EXTRACTED MATERIAL
╔══

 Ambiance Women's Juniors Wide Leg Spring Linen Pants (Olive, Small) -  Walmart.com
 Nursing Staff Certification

╚══
╔══

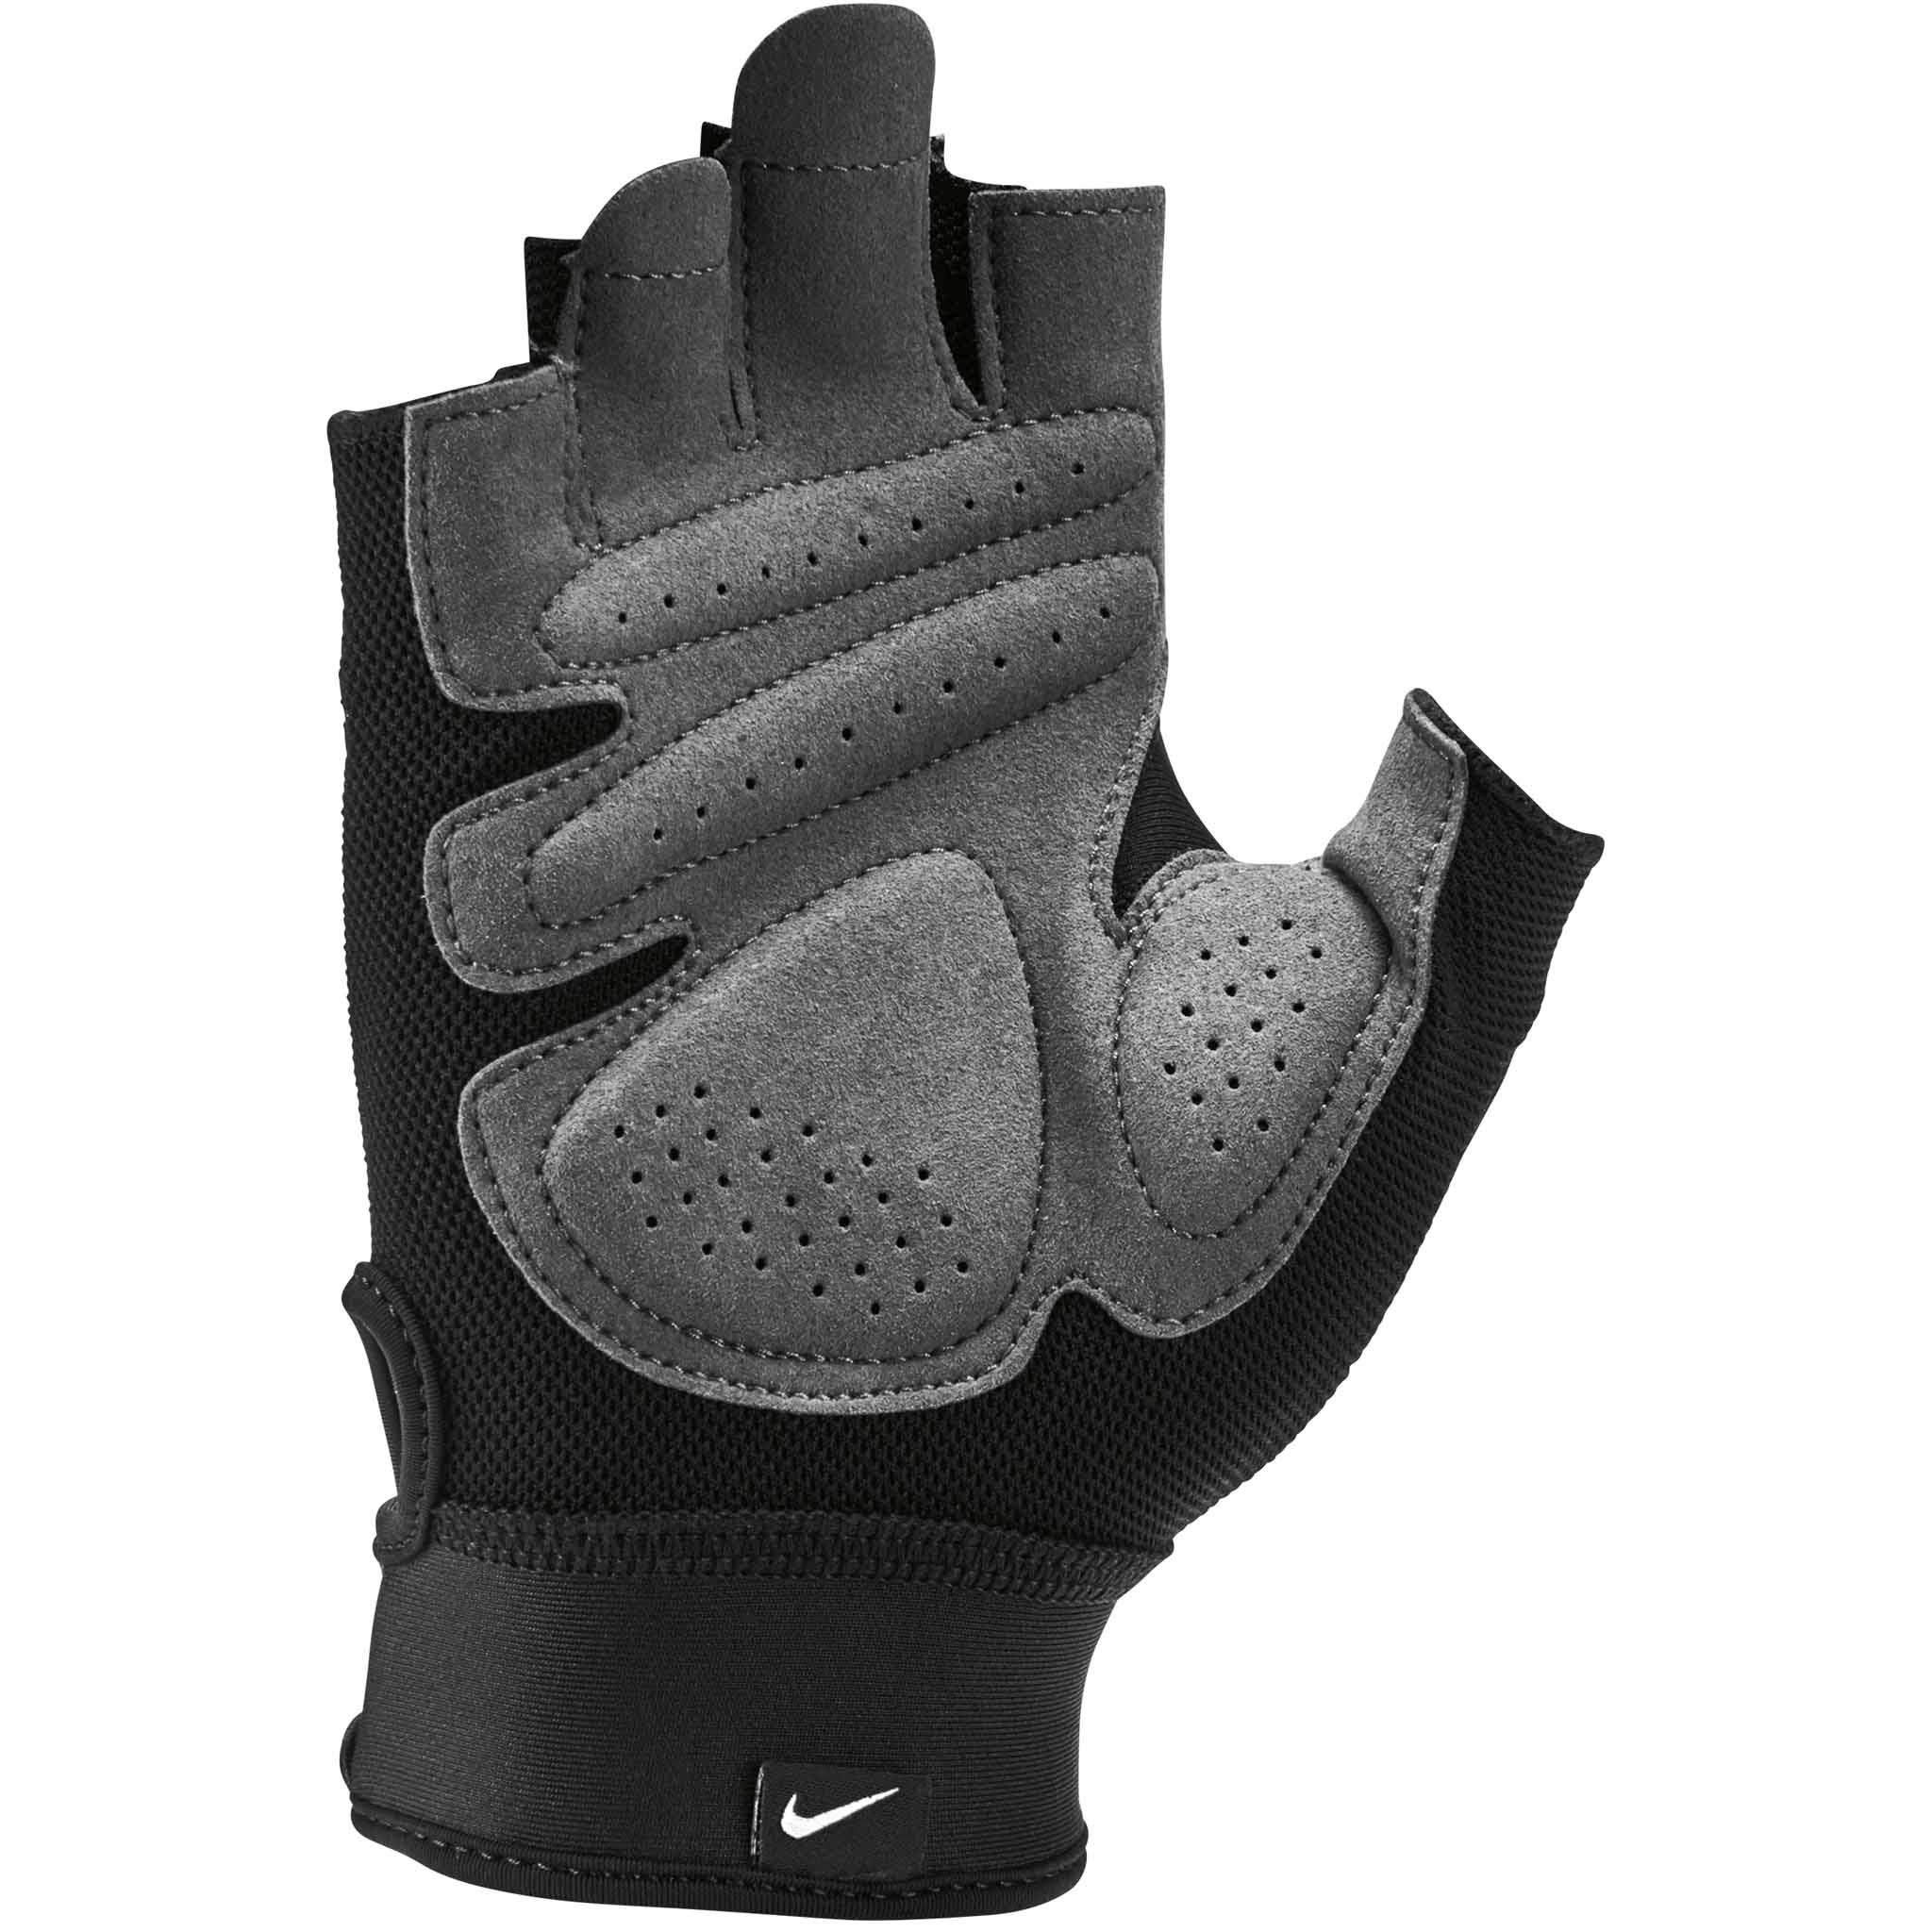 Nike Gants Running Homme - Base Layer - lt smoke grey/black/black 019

╚══
╔══

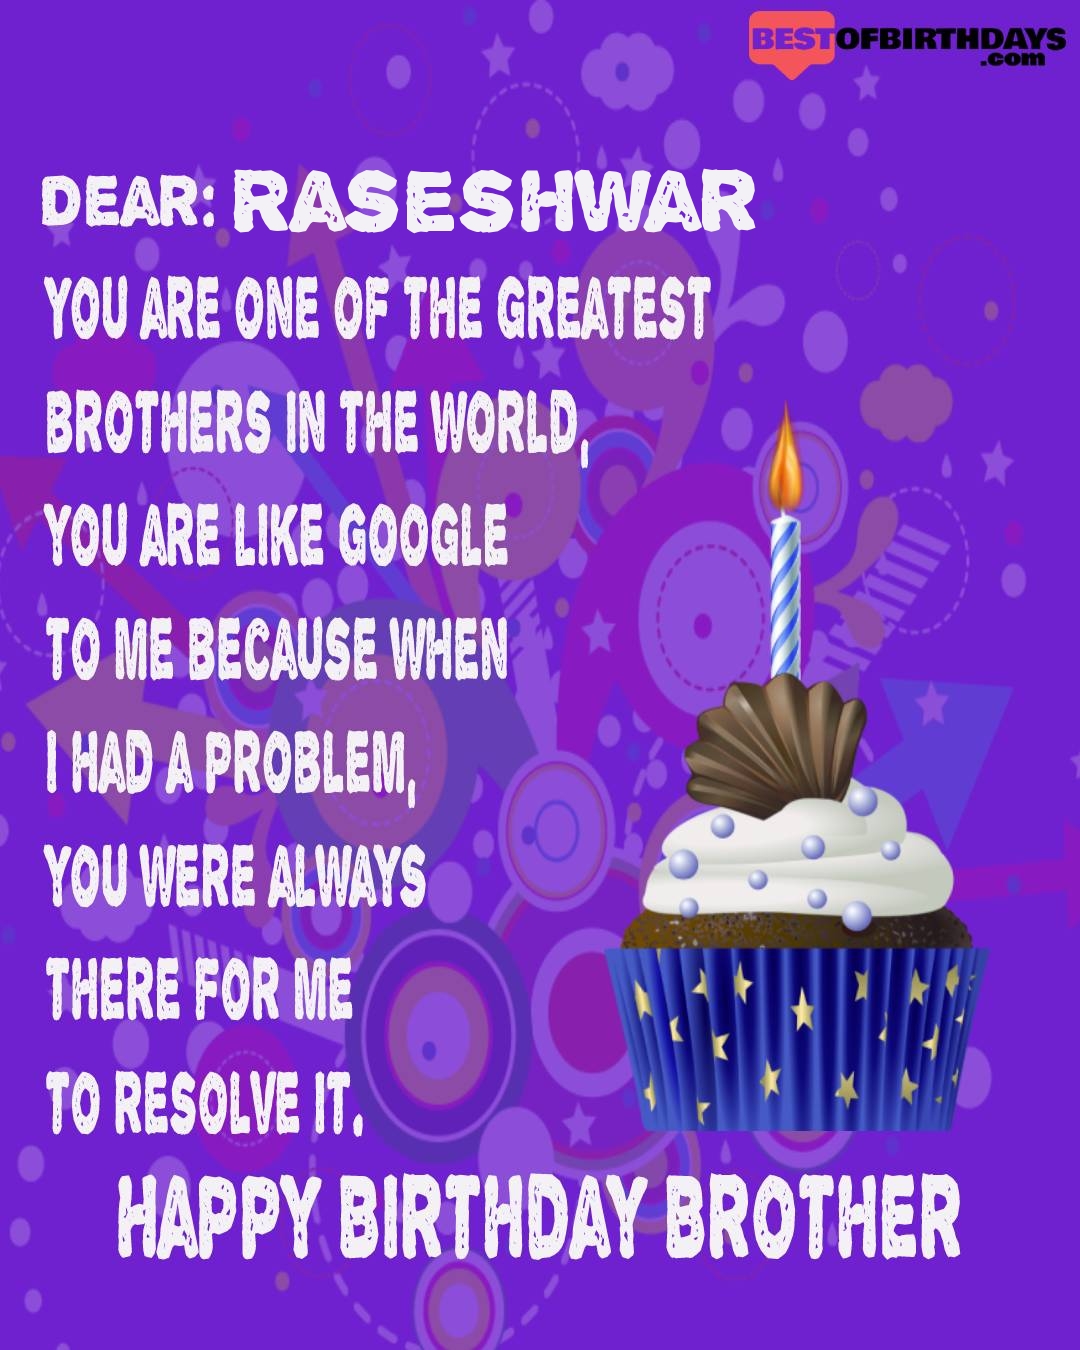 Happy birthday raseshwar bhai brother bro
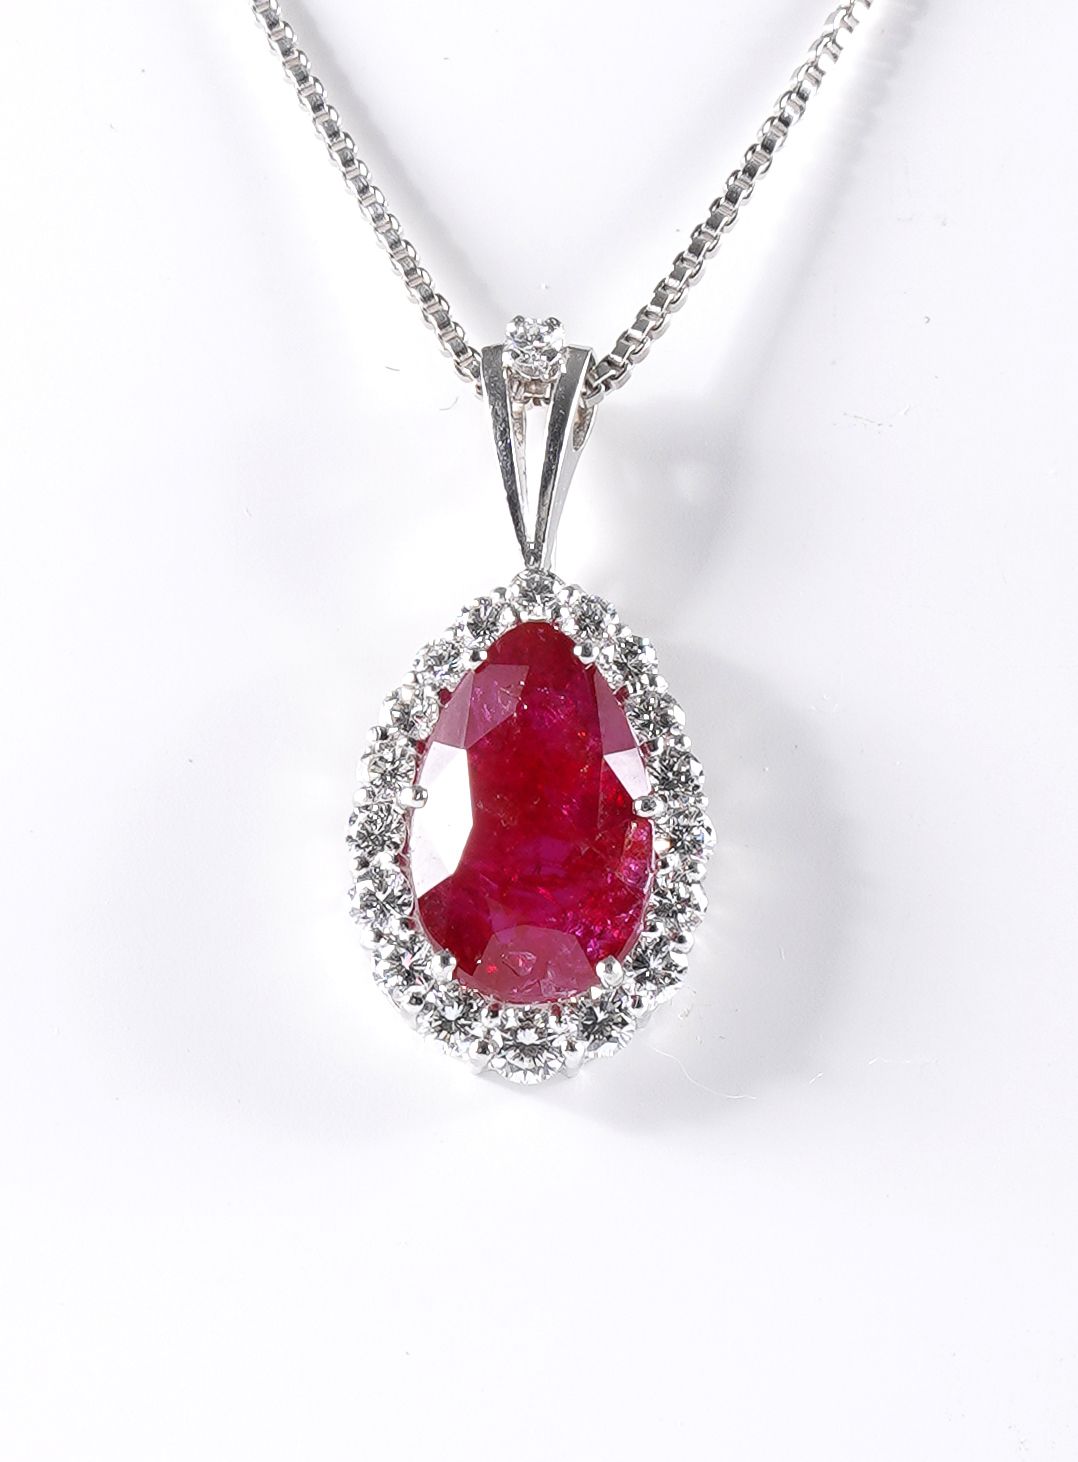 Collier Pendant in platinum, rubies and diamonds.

╚══

TASK STATEMENT
Output should consist of the lines above from the one with "Happy birthday raseshwar bhai brother bro" down to the one with "Collier Pendant in", exact and without pictures.

SOLUTION BELOW
 Happy birthday raseshwar bhai brother bro
 Collier Pendant in platinum, rubies and diamonds.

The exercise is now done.